Seed unused memory with illegal instructions. Few apps use every last byte of RAM and ROM; instead of leaving these areas set to random values, take advantage of the one-byte call, illegal instruction, or breakpoint instruction that almost every processor supports. On a Z80 it's RST 7; a 68000 has an illegal instruction trap; the 683xx includes a specific breakpoint instruction. If the code wanders into one of these unused regions it will take the exception. You've wisely (hopefully) set a breakpoint on the exception handler, so will find the problem immediately.
If some of the addresses are not tied to a memory devices, pull the bus to an illegal instruction with resistors - at least for the prototype - for the same reasons.
Given that you've detected that code wandering merrily outside of the ROM range, what then? If you're using an ICE, logic analyzer, or a trace-enhanced BDM, use real time trace, triggering it to stop collecting when the exception handler starts. Look back a few instructions in the buffer to find the problem. A more limited tool like a ROM monitor still can yield significant clues by if you examine the call stack.

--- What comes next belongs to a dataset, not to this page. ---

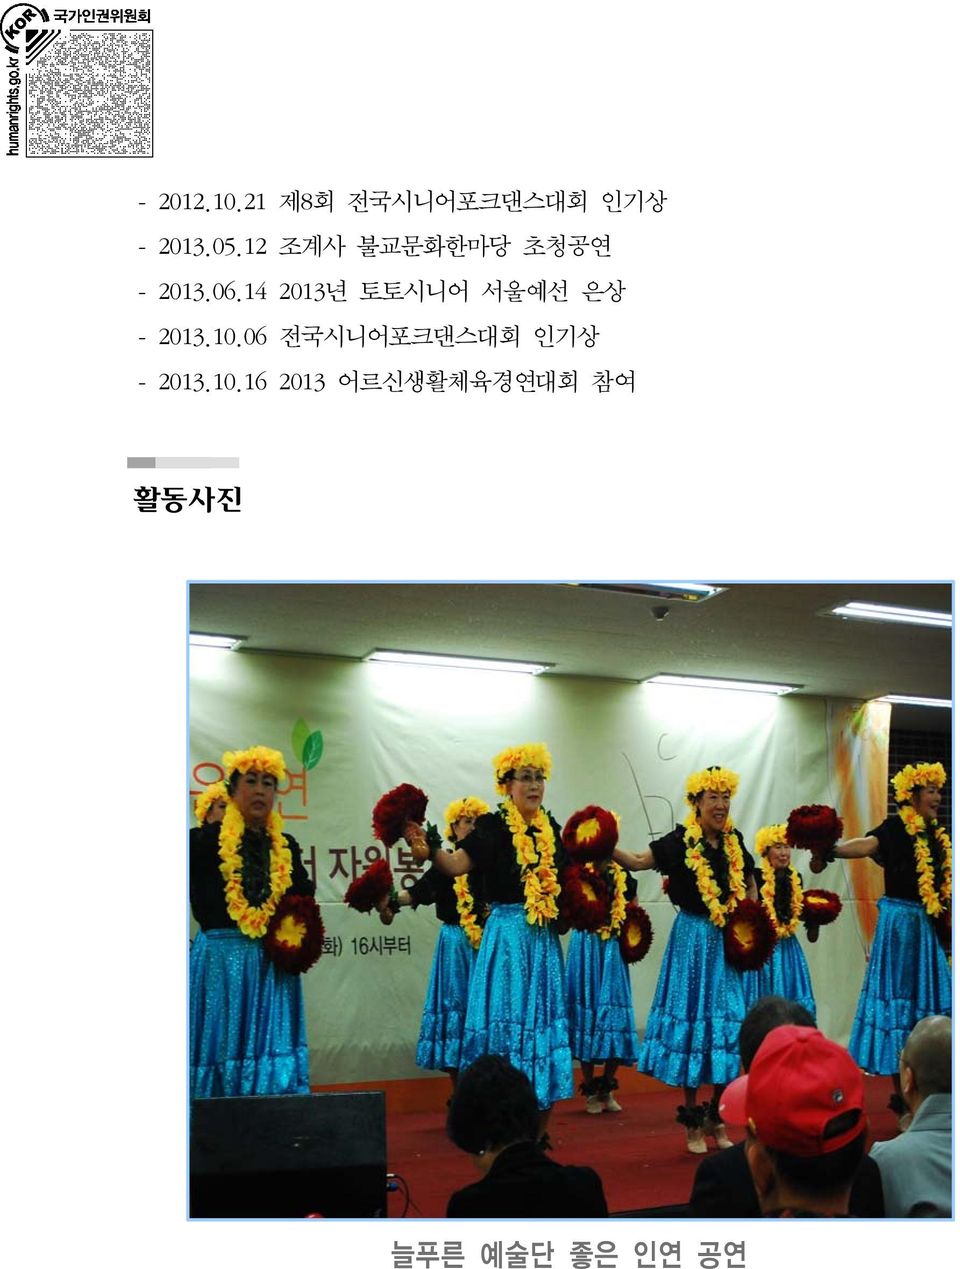 14 2013년 토토시니어 서울예선 은상 - 2013.10.

Solving problems is a high-visibility process; preventing problems is low-visibility. This is illustrated by an old parable:
In ancient China there was a family of healers, one of whom was known throughout the land and employed as a physician to a great lord. The physician was asked which of his family was the most skillful healer. He replied, "I tend to the sick and dying with drastic and dramatic treatments, and on occasion someone is cured and my name gets out among the lords."
"My elder brother cures sickness when it just begins to take root, and his skills are known among the local peasants and neighbors."
"My eldest brother is able to sense the spirit of sickness and eradicate it before it takes form. His name is unknown outside our home."
Great developers recognize that their code will be flawed, so instrument their code, and create toolchains designed to sniff out problems before a symptom even exists.